When examining ordered pairs, you will verify if the first number meets the equation's requirements. For example:

• For the pair (4,5), the \(x\)-coordinate is 4, which fails to satisfy \(*x = 5*\).
• In (5,4), the \(*x*\)-coordinate is 5, which aligns perfectly with the equation's requirement.
• Similarly in (5,0), the \(*x*\)-coordinate is 5, making it a valid solution.

Therefore, only ordered pairs where the first component is 5 qualify as solutions in this instance.

Solution verification involves confirming whether a given ordered pair satisfies the equation of interest. For linear equations, this is typically straightforward. Consider the equation \(x = 5\). You must check the \(x\)-coordinate of any ordered pair to see if it equals 5, as this is necessary for the equation to be true.

If you choose the pair (5,4), set the \(x\)-coordinate 5 against the equation. Since they match, (5,4) satisfies \(*x = 5*\).

For verification:

• Compare the \(*x*\)-coordinate of the pair with the given value in the equation.
• If they equal, the pair is a correct solution. If they differ, it is not.

This simple check ensures that you only consider valid solutions that satisfy every condition of the equation.

Coordinate geometry, also known as analytic geometry, is the study of geometry using a coordinate system.
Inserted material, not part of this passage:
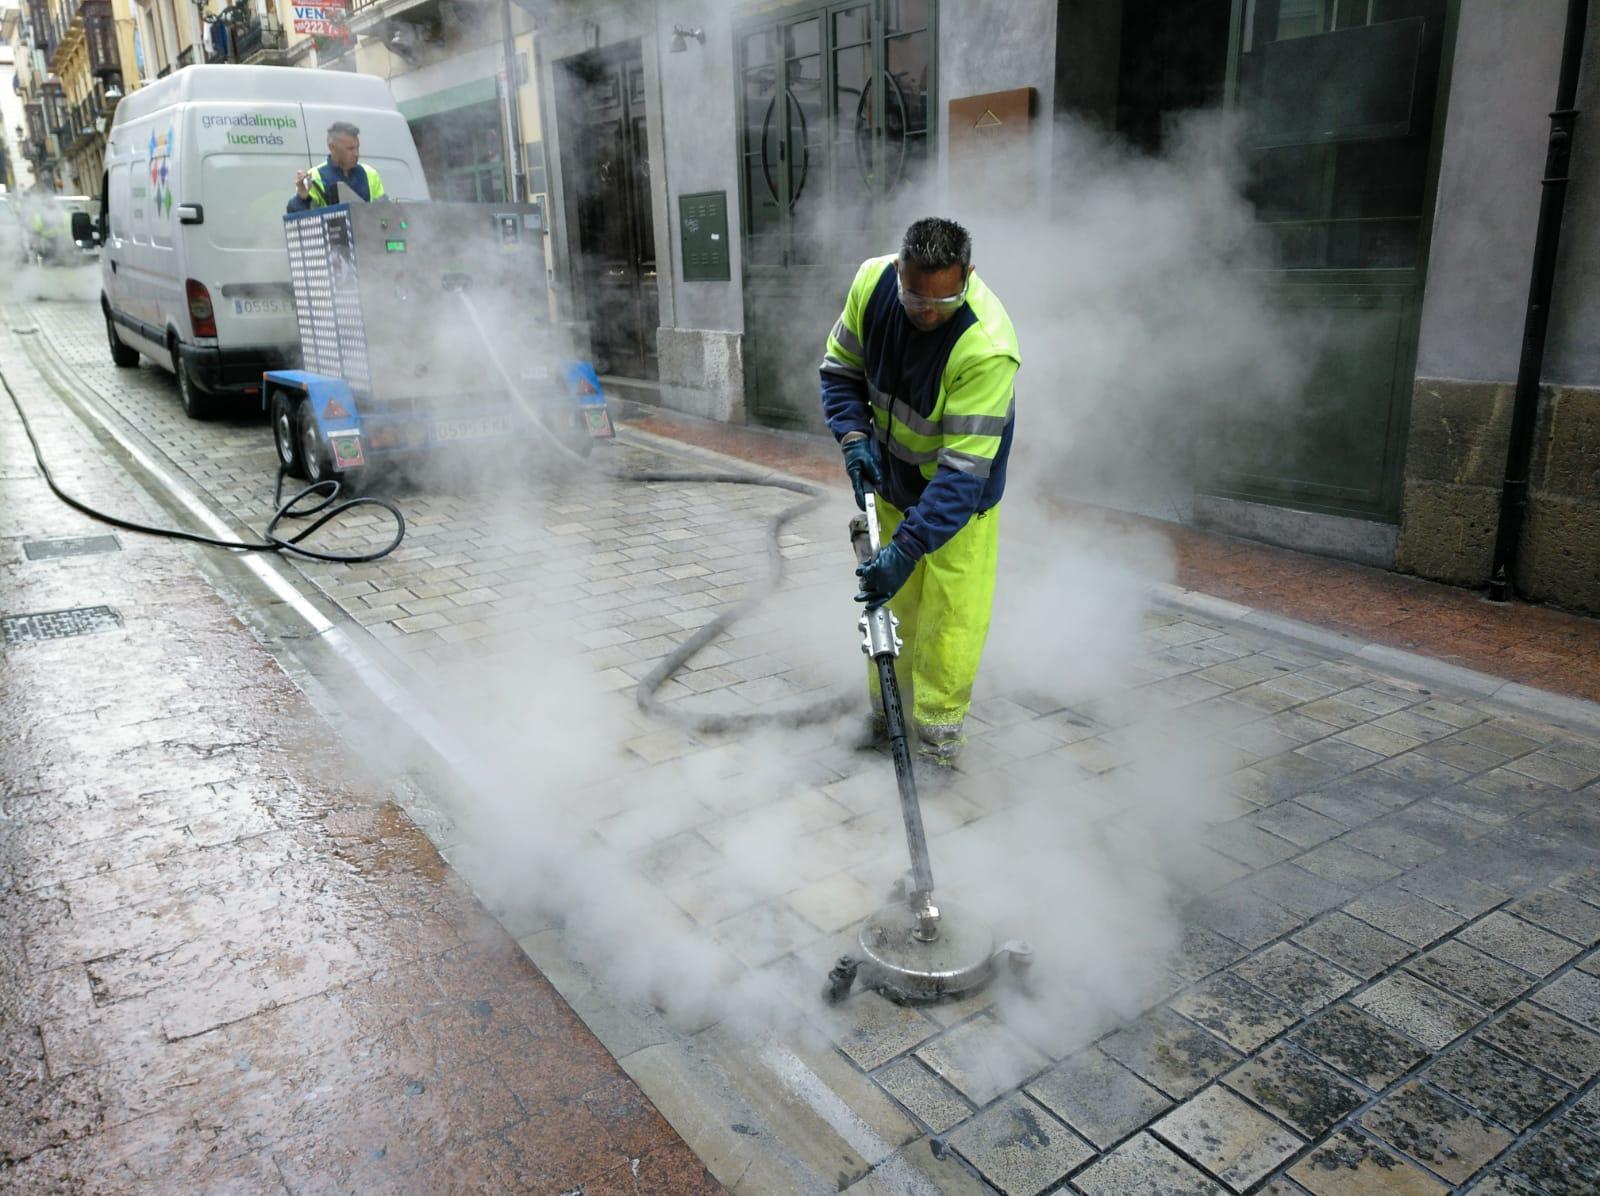 El Ayuntamiento publica su plan de limpieza y desinfección del mobiliario urbano
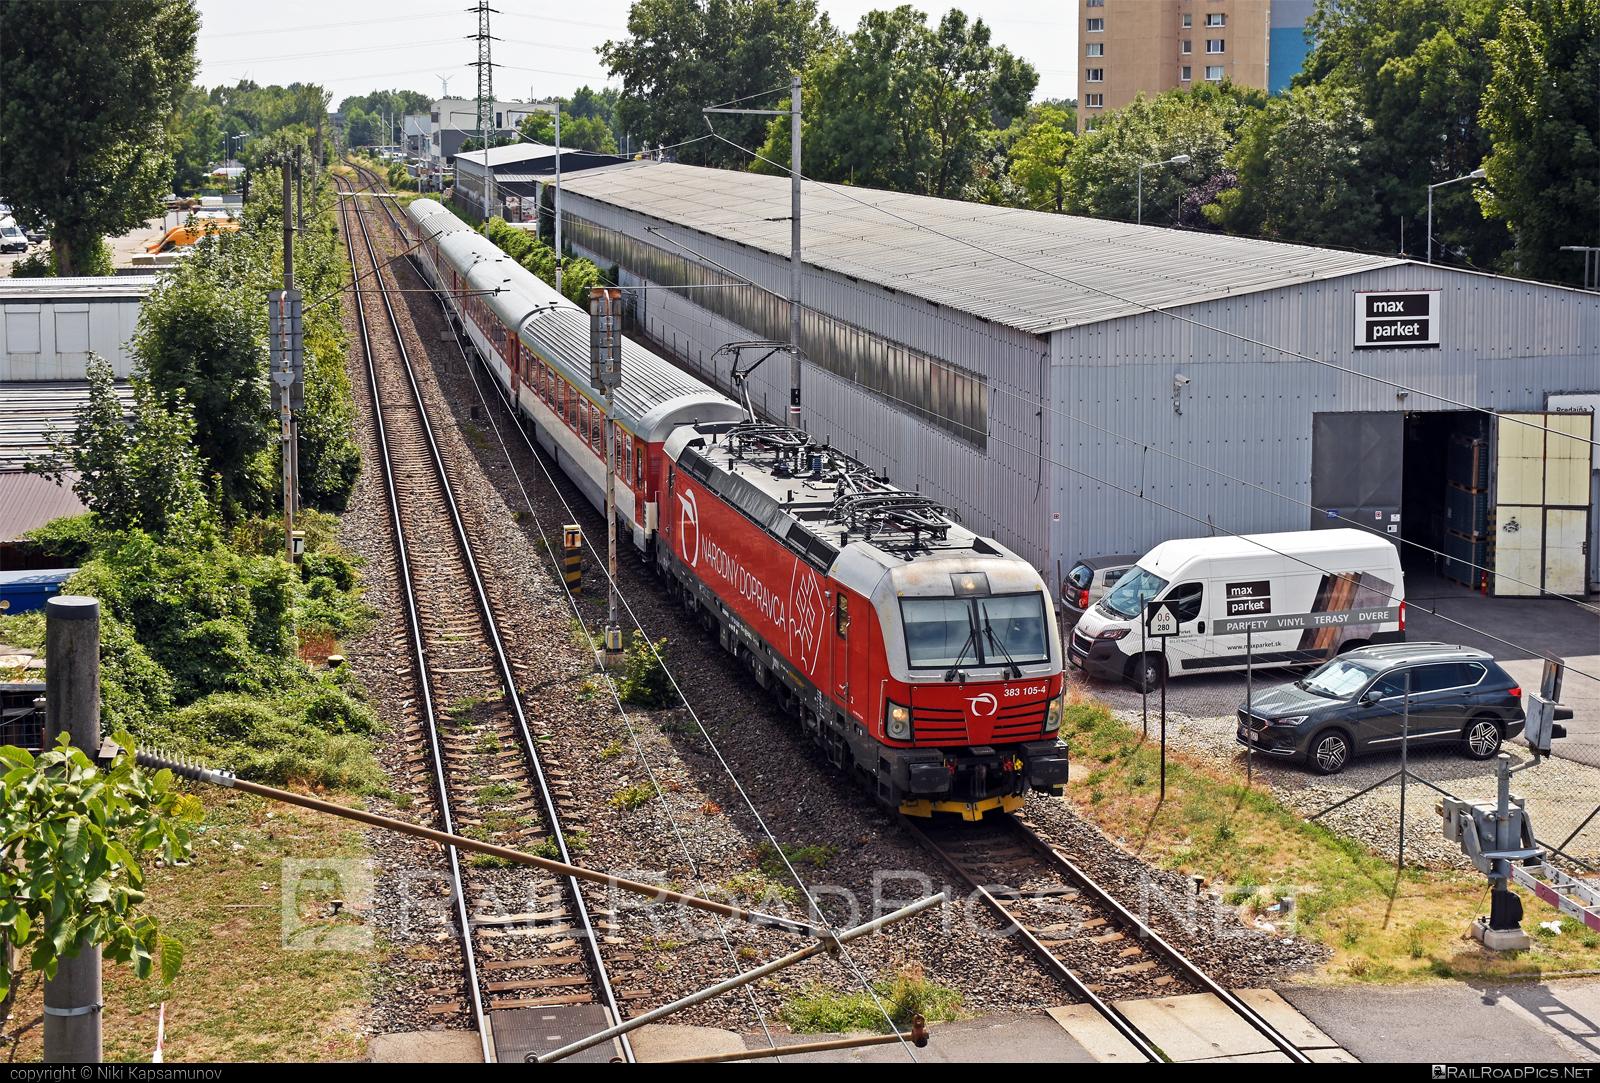 Siemens Vectron MS - 383 105-4 operated by Železničná Spoločnost' Slovensko, a.s. #RollingStockLease #RollingStockLeaseSro #ZeleznicnaSpolocnostSlovensko #raill #siemens #siemensvectron #siemensvectronms #vectron #vectronms #zssk

In this system, each point on a plane is defined by an ordered pair \(x, y\). This builds a bridge between algebra and geometry through the use of graphs and equations.

When addressing the linear equation \(x = 5\), this represents a vertical line at \(x = 5\) on the coordinate plane. Any point lying on this line has an \(x\)-coordinate of 5, thus making it a potential solution for \(x = 5\).

Coordinate geometry in this context links ordered pairs and linear equations by visually plotting:

• The slope and position of lines defined by equations.
• The specific points where solutions exist on the graph.

This understanding helps depict how equations correspond to geometrical shapes and provides a methodical way to analyze solutions by observing their graphical representation.